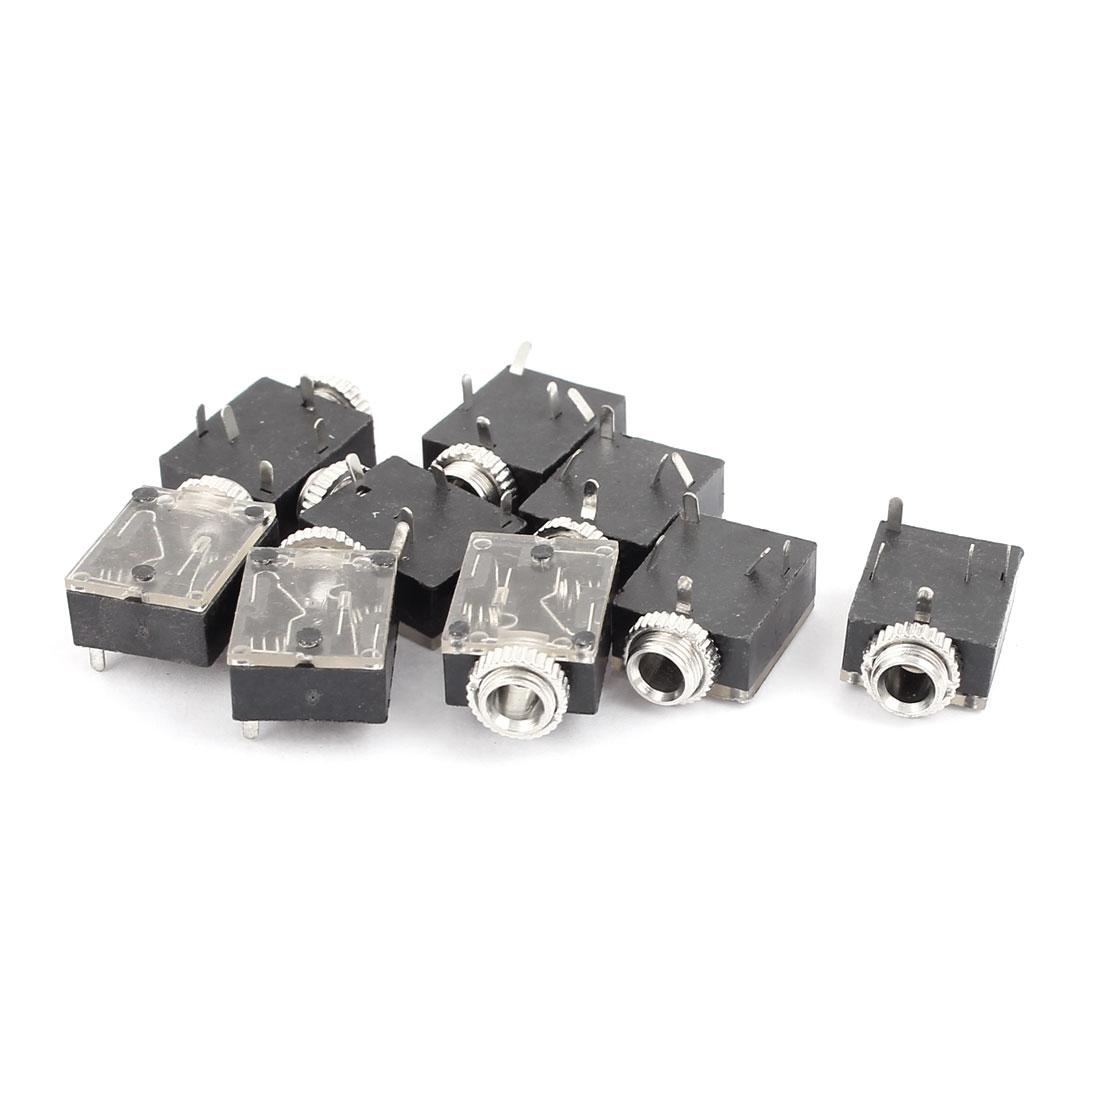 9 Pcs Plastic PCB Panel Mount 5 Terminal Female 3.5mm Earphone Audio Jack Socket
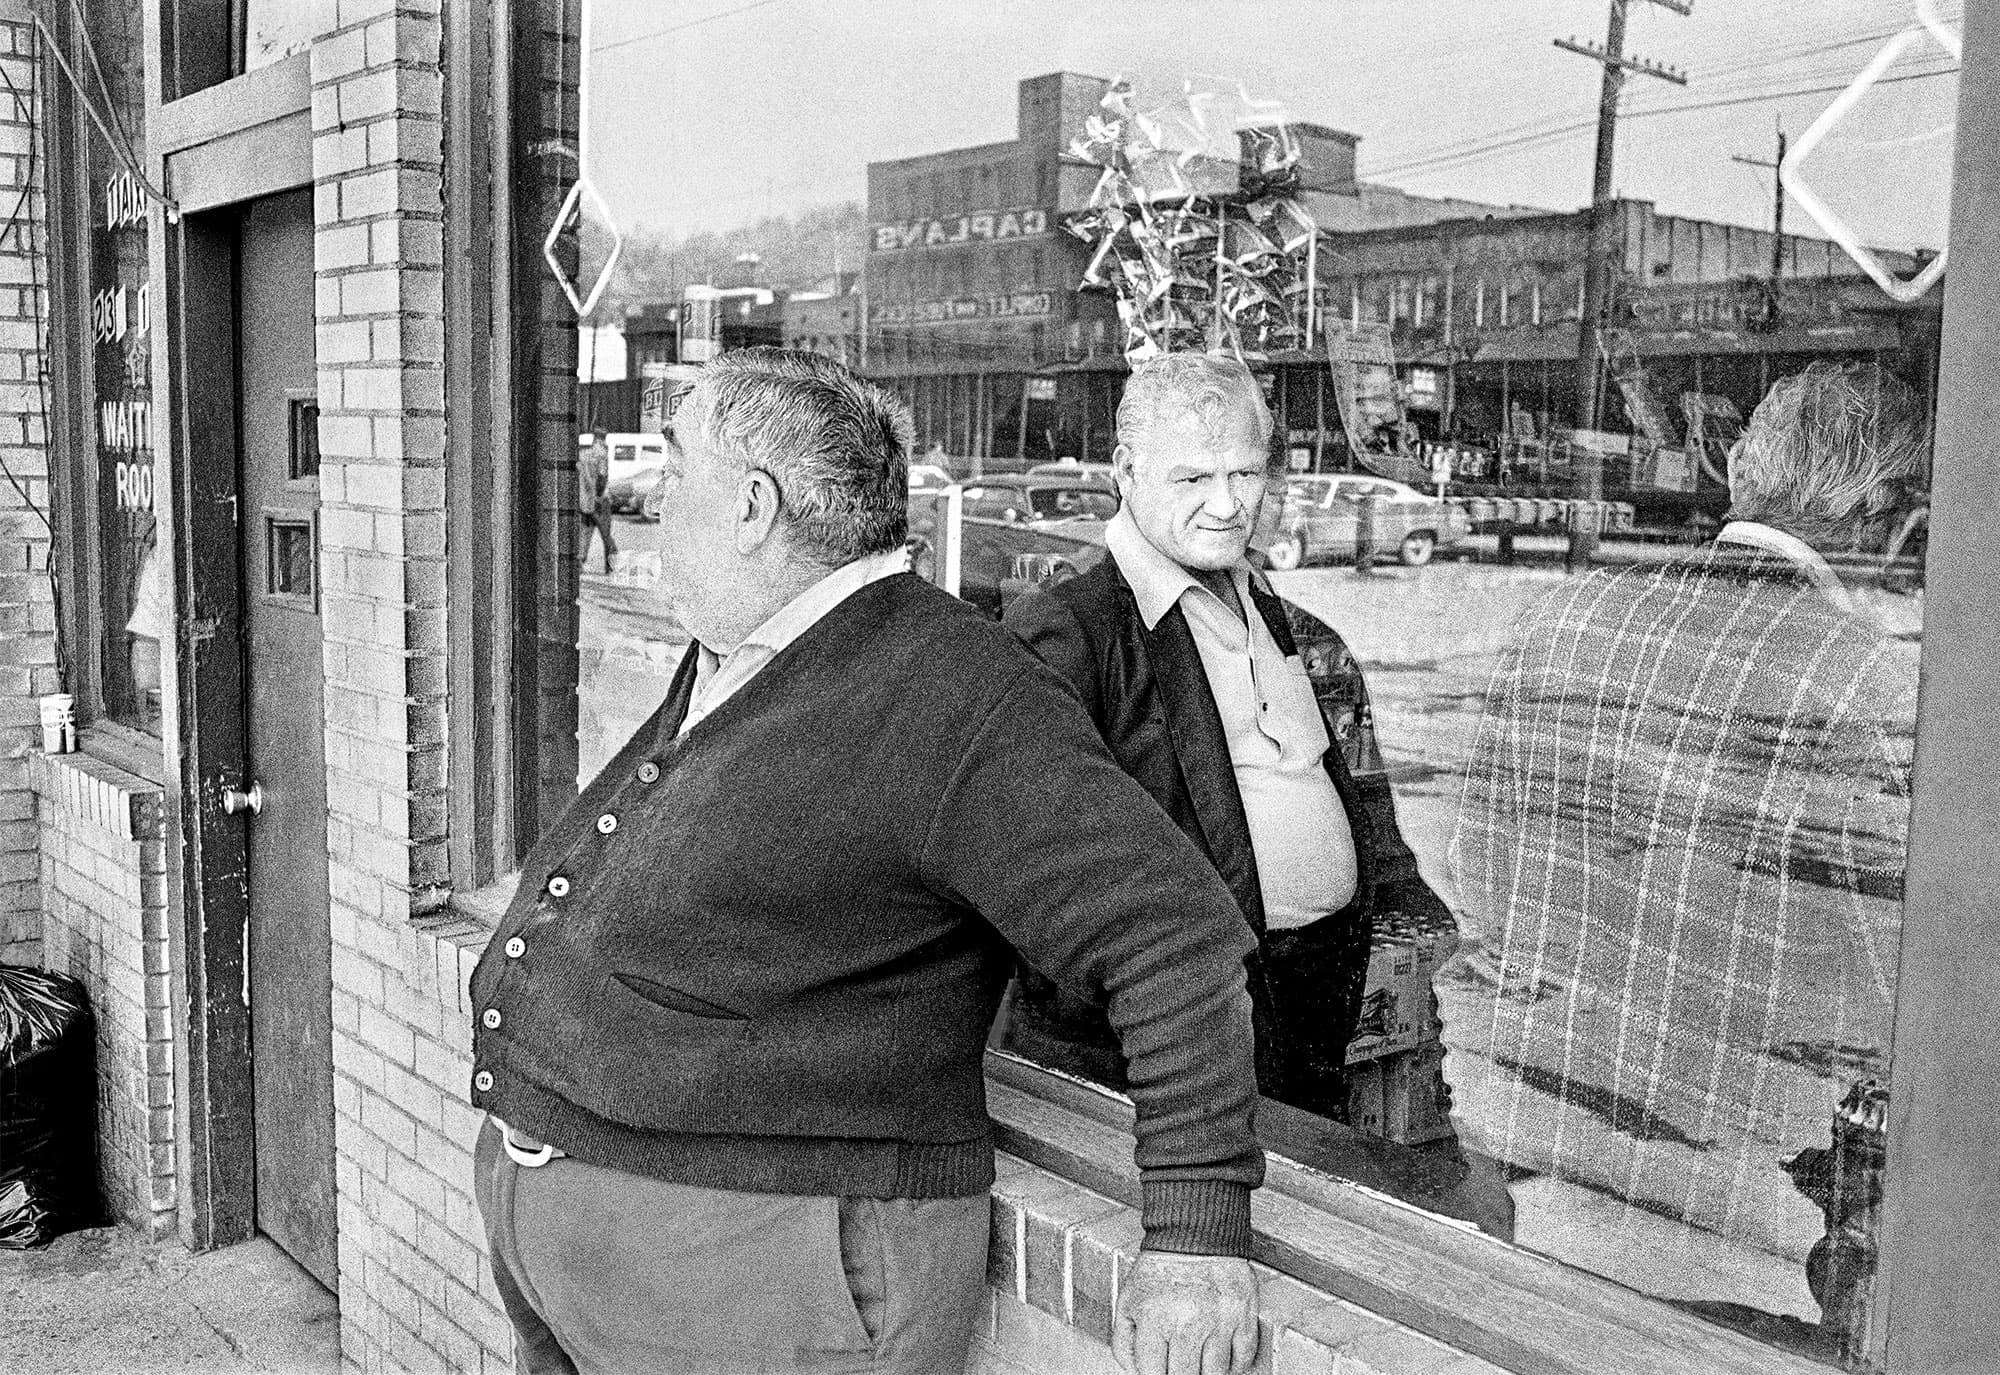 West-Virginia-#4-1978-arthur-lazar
...
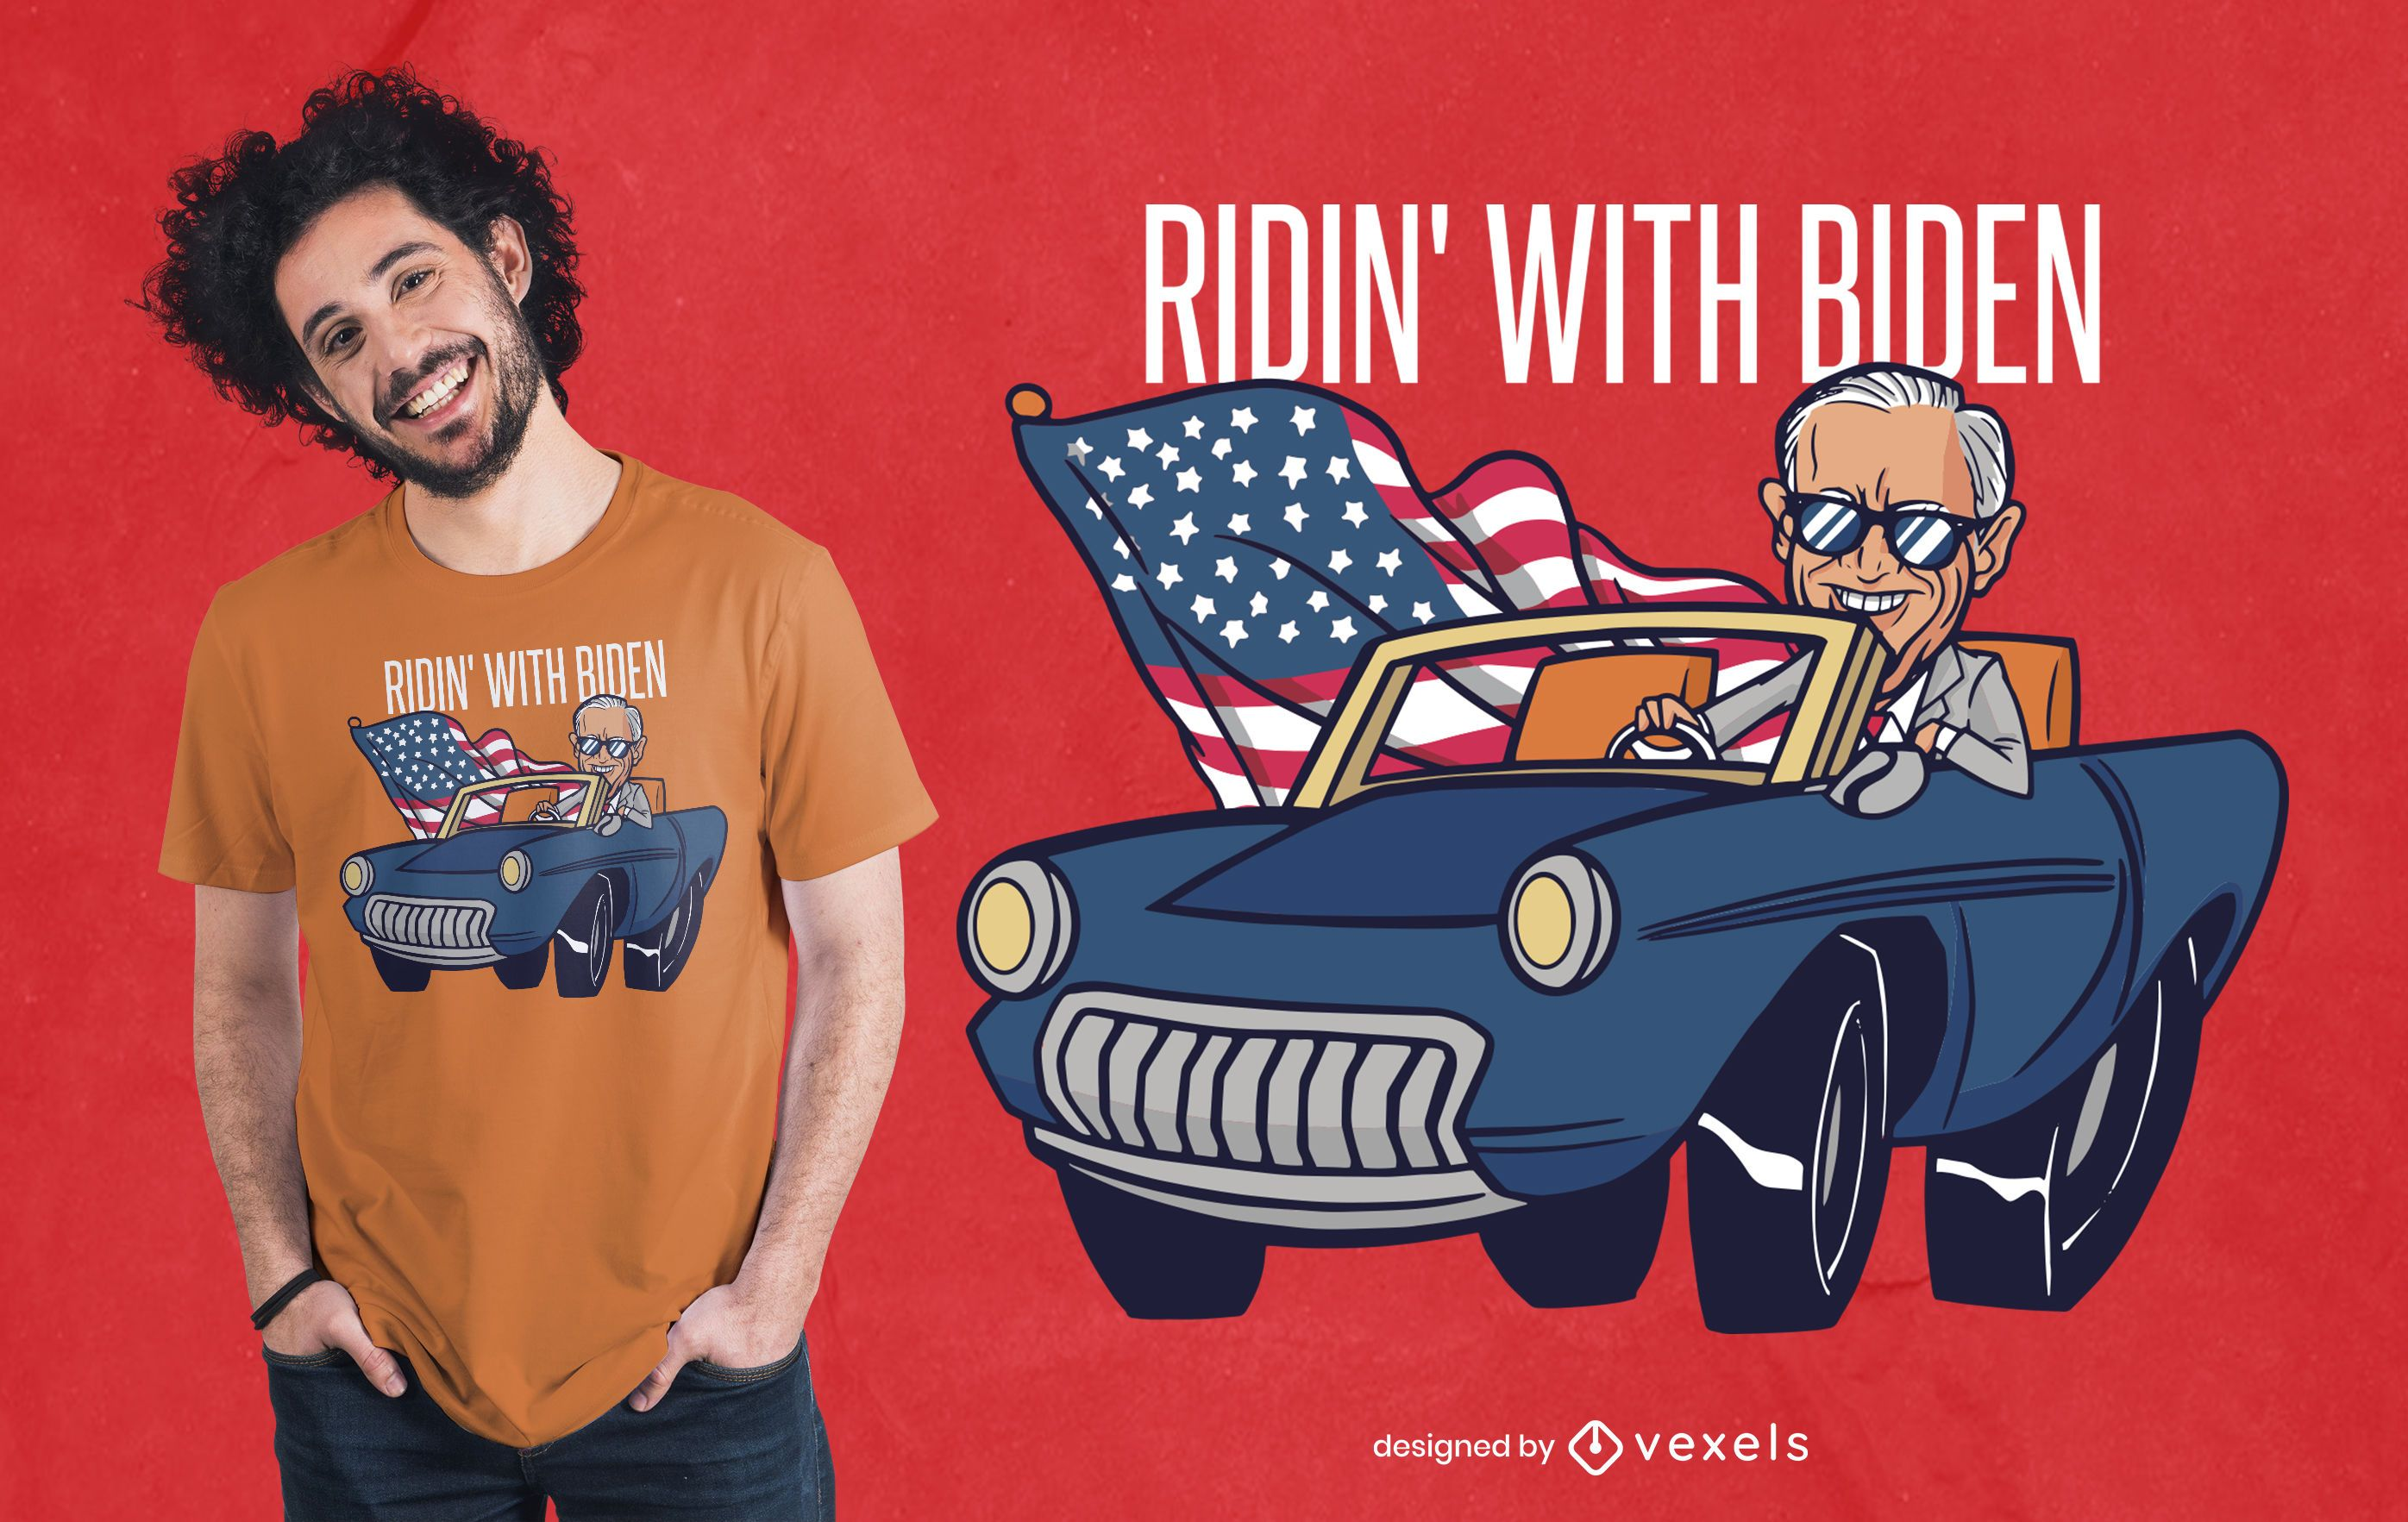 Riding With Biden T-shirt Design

§ **Task to complete**
Both the line containing "9 Pcs Plastic" and the line containing "West-Virginia-#4-1978-arthur-lazar" above belong in the output, as do the lines between them. Print them exactly, without pictures.

§ **Finished exercise**
 9 Pcs Plastic PCB Panel Mount 5 Terminal Female 3.5mm Earphone Audio Jack Socket
 West-Virginia-#4-1978-arthur-lazar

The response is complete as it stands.